▼

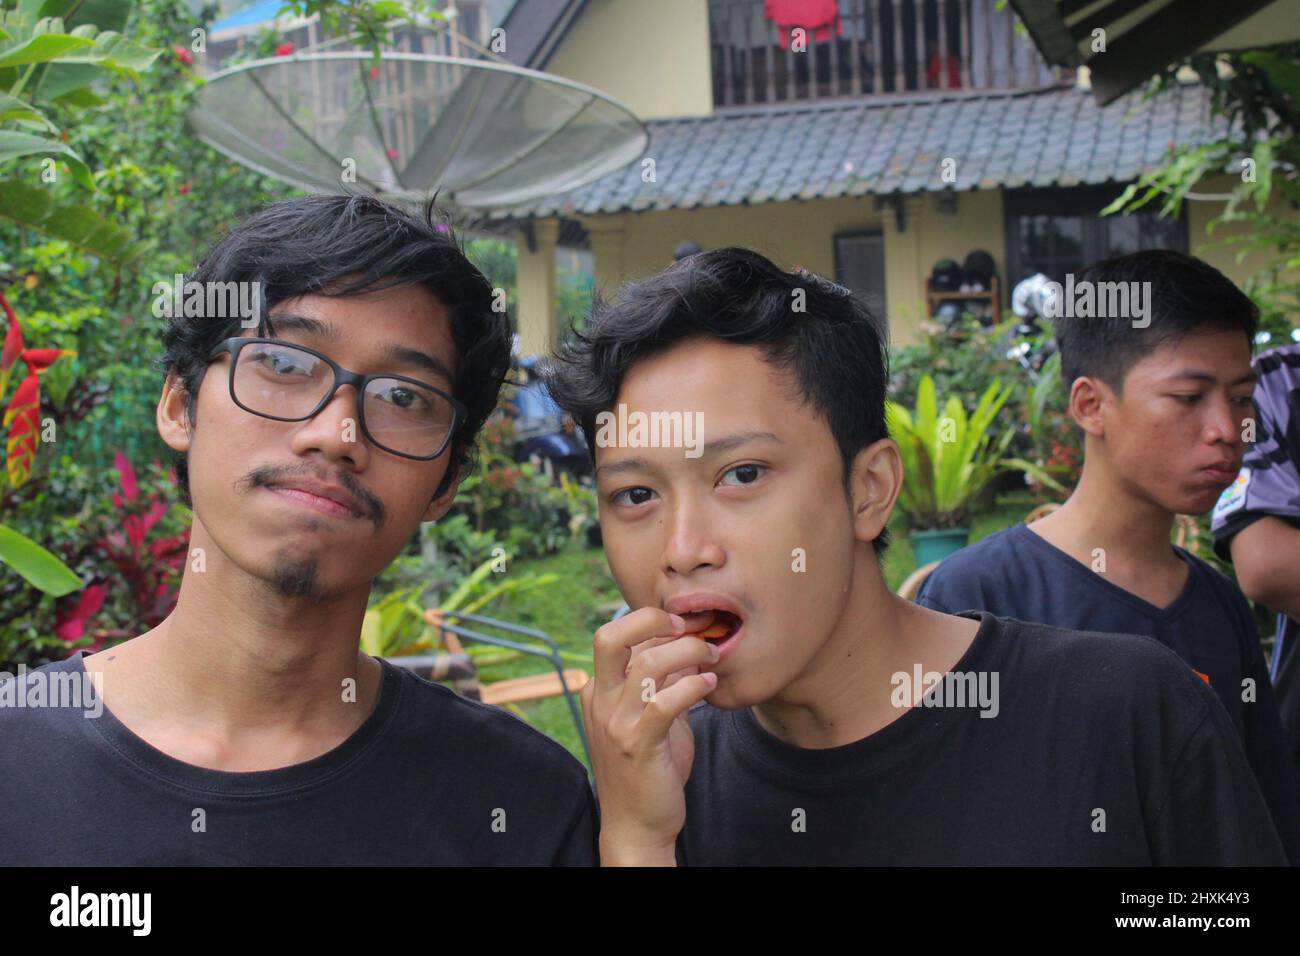 Bogor, Indonesia - 12 24 2020: two men looking at the camera, the other one is eating a snack, the other has a serious face and the other is looking t Stock Photo
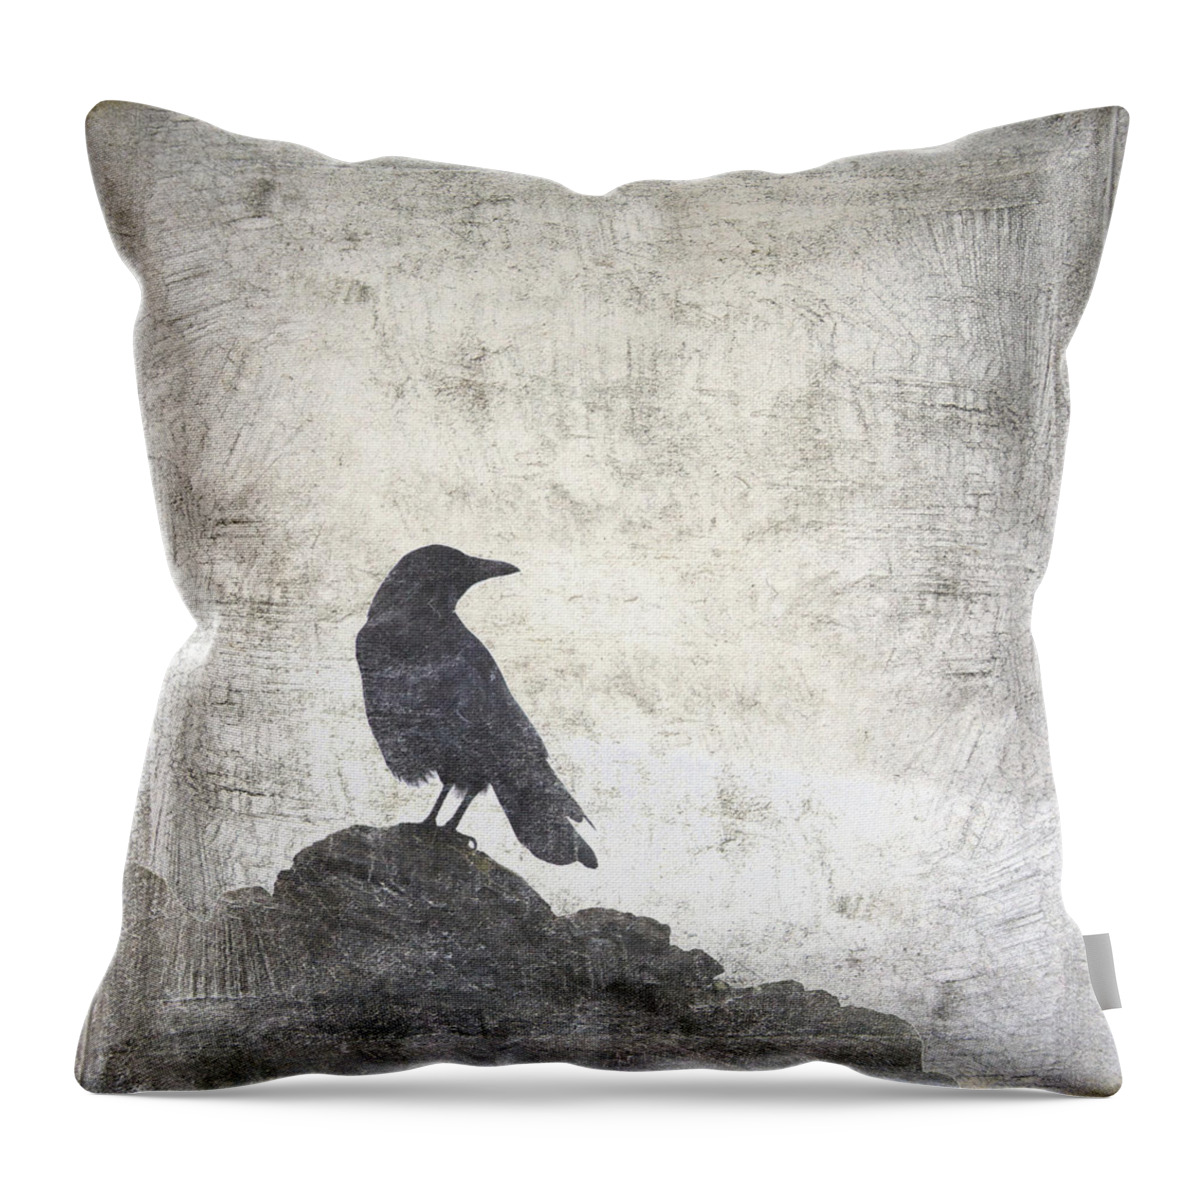 Crow Throw Pillow featuring the photograph Looking Seaward by Carol Leigh
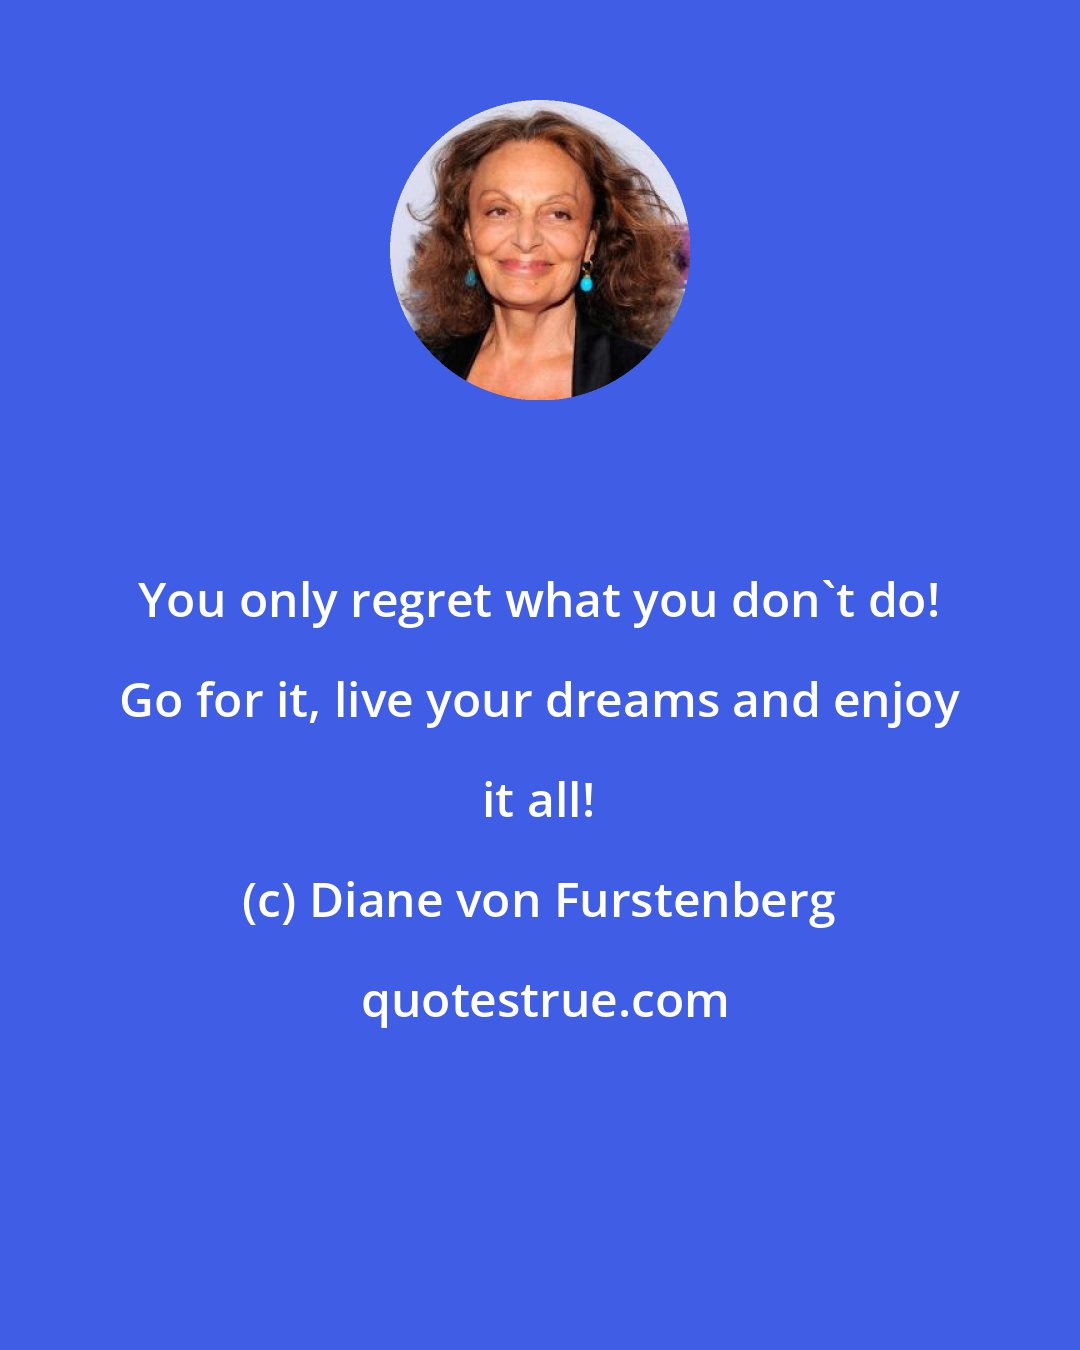 Diane von Furstenberg: You only regret what you don't do! Go for it, live your dreams and enjoy it all!
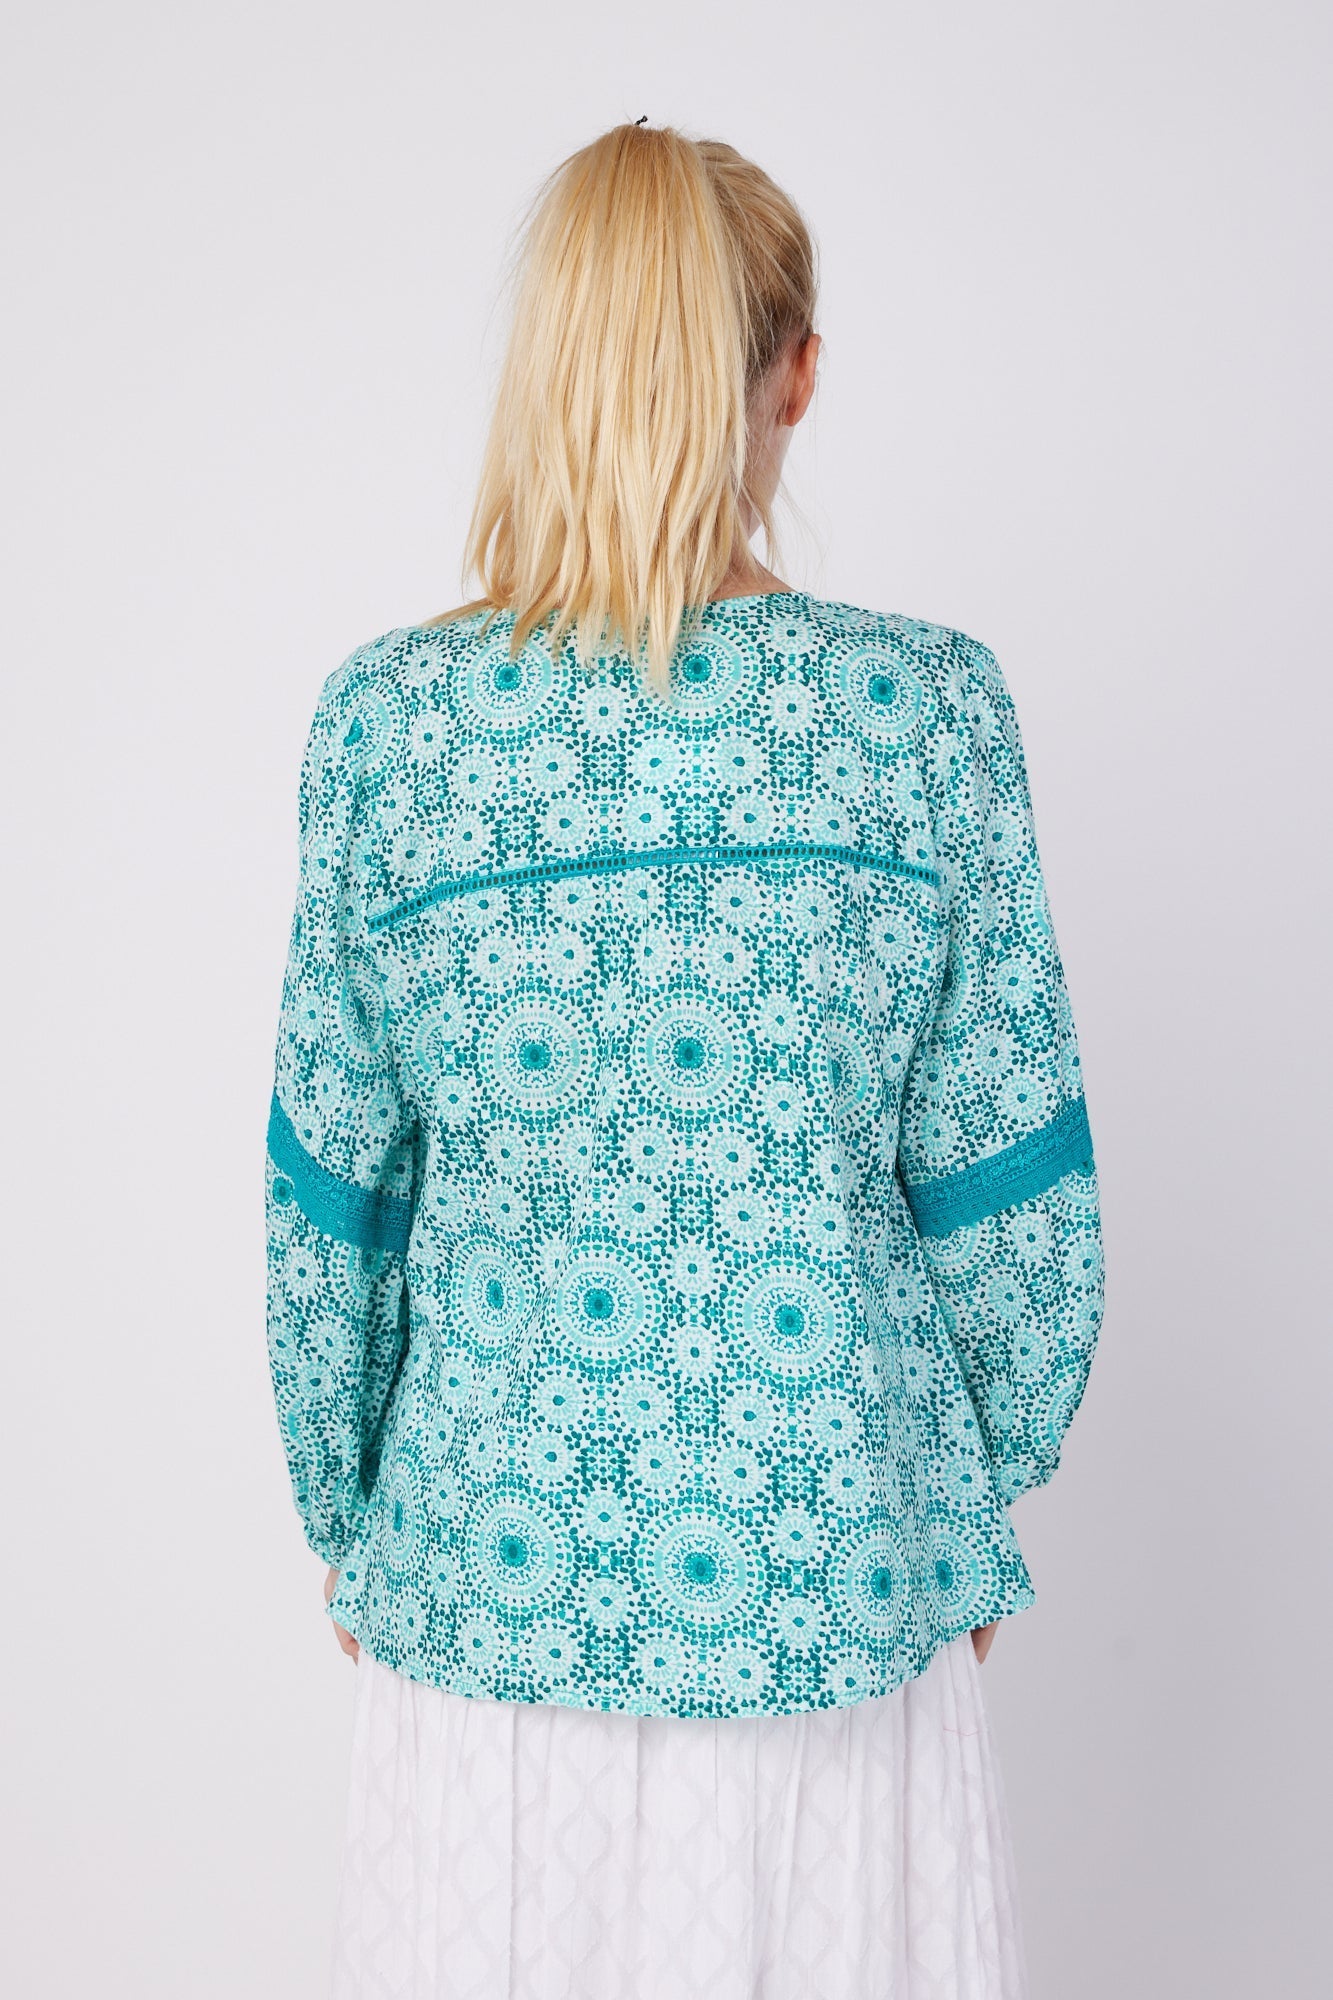 ModaPosa Leola Puff Sleeve Tassel Blouse with Lace Trim in Moroccan Tile . Discover women's resort dresses and lifestyle clothing inspired by the Mediterranean. Free worldwide shipping available!

▲

→ Task details
Restate the lines above exactly, from the one bearing "Crow Throw Pillow" through the final line of the material, both included, omitting pictures.

→ Answer space
 Crow Throw Pillow featuring the photograph Looking Seaward by Carol Leigh
 Diane von Furstenberg: You only regret what you don't do! Go for it, live your dreams and enjoy it all!
 ModaPosa Leola Puff Sleeve Tassel Blouse with Lace Trim in Moroccan Tile . Discover women's resort dresses and lifestyle clothing inspired by the Mediterranean. Free worldwide shipping available!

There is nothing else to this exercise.